Le chocolat au whisky, cette spécialité… des pays slaves ! Si des producteurs écossais produisent du chocolat avec leur boisson nationale, plusieurs bean-to-bar slaves proposent aussi ce type de tablette. Au-delà du penchant pour les alcools forts, la culture gustative de ces pays se distingue par exemple de celle des Américains pour créer leur chocolat au whisky. Ainsi, ce comparatif présente une tablette tchèque et une ukrainienne: Toutes deux utilisent des fèves de cacao macérées dans du whisky de l’île d’Islay, puis séchées et torréfiées pour en faire ensuite du chocolat.
Chocolat whisky par Ajala en République tchèque
- Fèves : fèves de cacao macérées dans du scotch Laphroaig Islay single malt, mélange de d’Amelonado d’Amazonie, de Nacional, de Criollo et Rio Caribe vénézuélien et de Trinitario.
- Producteurs de cacao : PISA
- Origine : Cap Haïtien, Haïti
- Récolte : inconnue
- Pourcentage : 65%
La robe brune foncée oscille entre le bistre et les reflets acajou. Le nez ne laisse aucun doute quant aux notes de whisky tourbé. La casse est cristalline et légère, tout comme le croquant est franc. En bouche, le chocolat ouvre le bal avant de rapidement céder la place à la puissance des arômes du whisky. Pourtant, le chocolat ne s’avoue pas vaincu et revient avec des notes de noisette grillées en belle harmonie avec celles fumées du whisky. La texture prenante ajoute à ce sentiment de puissance. La longueur conserve cet équilibre entre les deux, bien qu’à terme le chocolat semble tenir son étreinte un peu plus longtemps. Bien que linéaire, la rencontre est agréablement réussie.

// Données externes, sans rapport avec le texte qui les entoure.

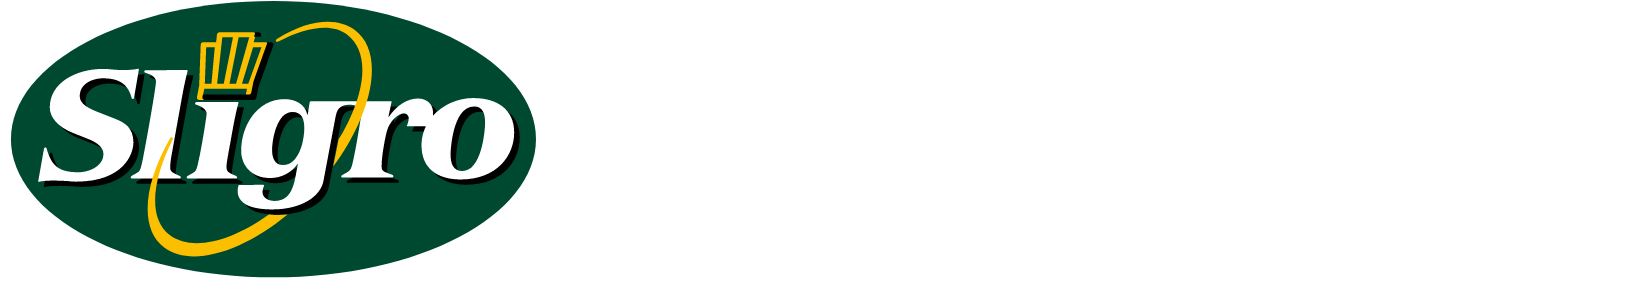 Sligro Food logo large for dark backgrounds (transparent PNG)

Le petit plus : Mâchonnez et laissez fondre en alternance pour jouer avec la texture, mais surtout, goûtez en ayant faim pour avoir vos sens aiguisés.

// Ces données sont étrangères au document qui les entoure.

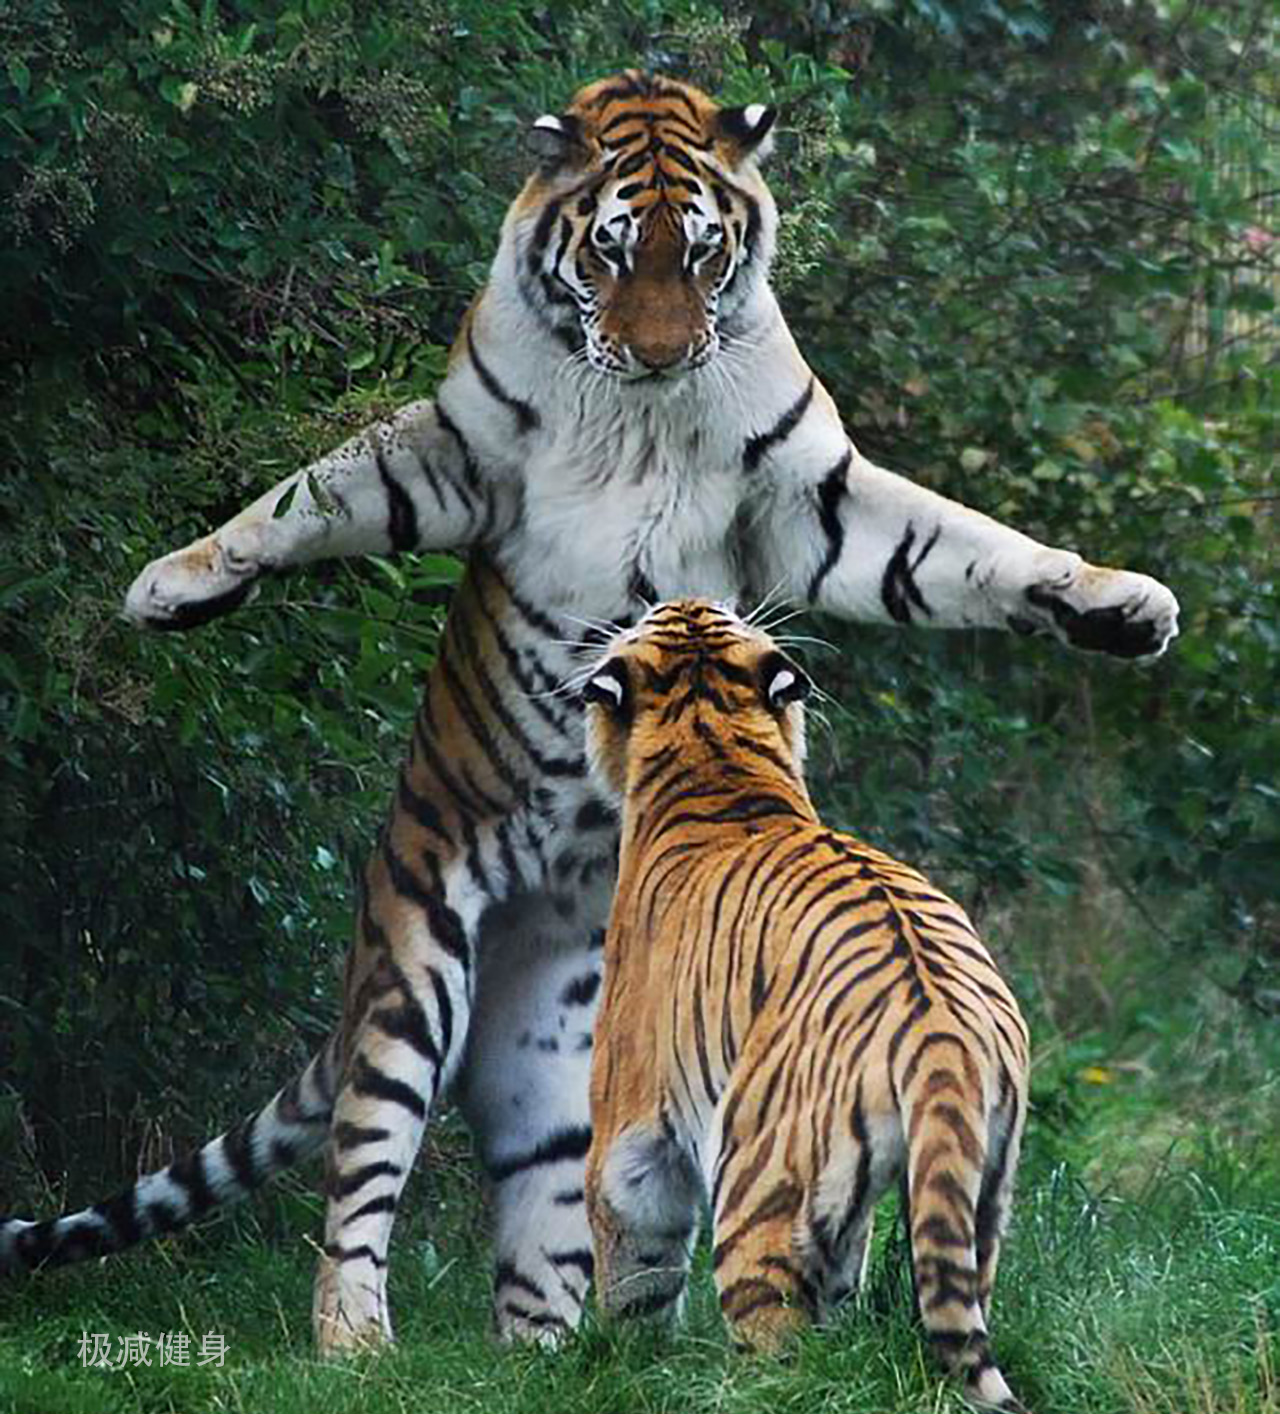 如果老虎和人都盡全力打出一掌，兩者力量會有多大差距？

Single malt scotch par Sisters A. Chocolate en Ukraine
- Fèves : fèves de cacao macérées dans du scotch Dewar Ratray Cask Islay single malt, variété inconnue
- Producteurs de cacao : inconnu
- Origine : San Martin, Pérou
- Récolte : inconnue
- Pourcentage : 75%
La robe sombre est très similaire, mais joue plus avec la lumière. Le nez est plus subtil, laissant filtrer les notes de scotch avec plus de parcimonie. La casse est franche et le croquant sonore. En bouche, la texture soyeuse marque de suite avant de céder le pas aux arômes. Ce qui frappe, c’est l’intrication du cacao et du whisky. Le côté Islay fumé n’apparaît qu’en filigrane, laissant le devant de la scène aux notes de fruits rouges du cacao qui se marient à la barrique du whisky. Le tout sur une trame étrangement alcoolisée soulignée par la texture très souple. La longueur ramène sur le devant le whisky et ses notes plus attendues, avant de dévoiler des touches inattendues de banane et de thé de Ceylan. Et elle dure et elle dure… A l’opposé de la linéarité de la première tablette, l’évolution constante est tout aussi agréable.
Le petit plus : Tentez de déguster le chocolat avec une gorgée du whisky original pour découvrir toute la valeur ajoutée du cacao.
Ukraine vs République tchèque
Le comparatif est particulièrement intéressant, car les deux producteurs utilisent du whisky de l’île d’Islay sur la côte ouest écossaise. Le whisky de cette île est très typique par ses notes fumées et tourbées. Ce caractère résonne volontiers avec le cacao, qui parfois présente des arômes similaires. Toutefois, la véritable prouesse est d’avoir su s’éloigner de l’approche qui consiste à marier des profils similaires. En effet, en travaillant des cacaos aux arômes différents, les producteurs jouent plutôt sur les complémentarités. Avec les noix pour Ajala et avec les fruits rouges pour Sisters A.
Finalement, ce qui frappe le plus, c’est la différence entre les deux tablettes. Ce qui ajoute à l’étonnement, c’est aussi l’origine des producteurs. D’une part, Ajala est à Brno, à l’est de la République tchèque. D’autre part, Sisters A. Chocolate est à Loutsk dans l’ouest de l’Ukraine. Effectivement, les deux régions ne sont pas connues pour leur chocolat. Pourtant, la qualité est au rendez-vous, prouvant, si besoin était, que le travail prime sur la réputation.
La note du sommelier
Impossible de donner une préférence entre ces deux chocolats, tant ils diffèrent. En revanche, la maîtrise technique des sœurs ukrainiennes est un cran au-dessus. Tant en termes gustatifs que de travail de la masse, le résultat est au-dessus du lot. Un travail d'autant plus impressionnant dans un pays qui subit une invasion guerrière.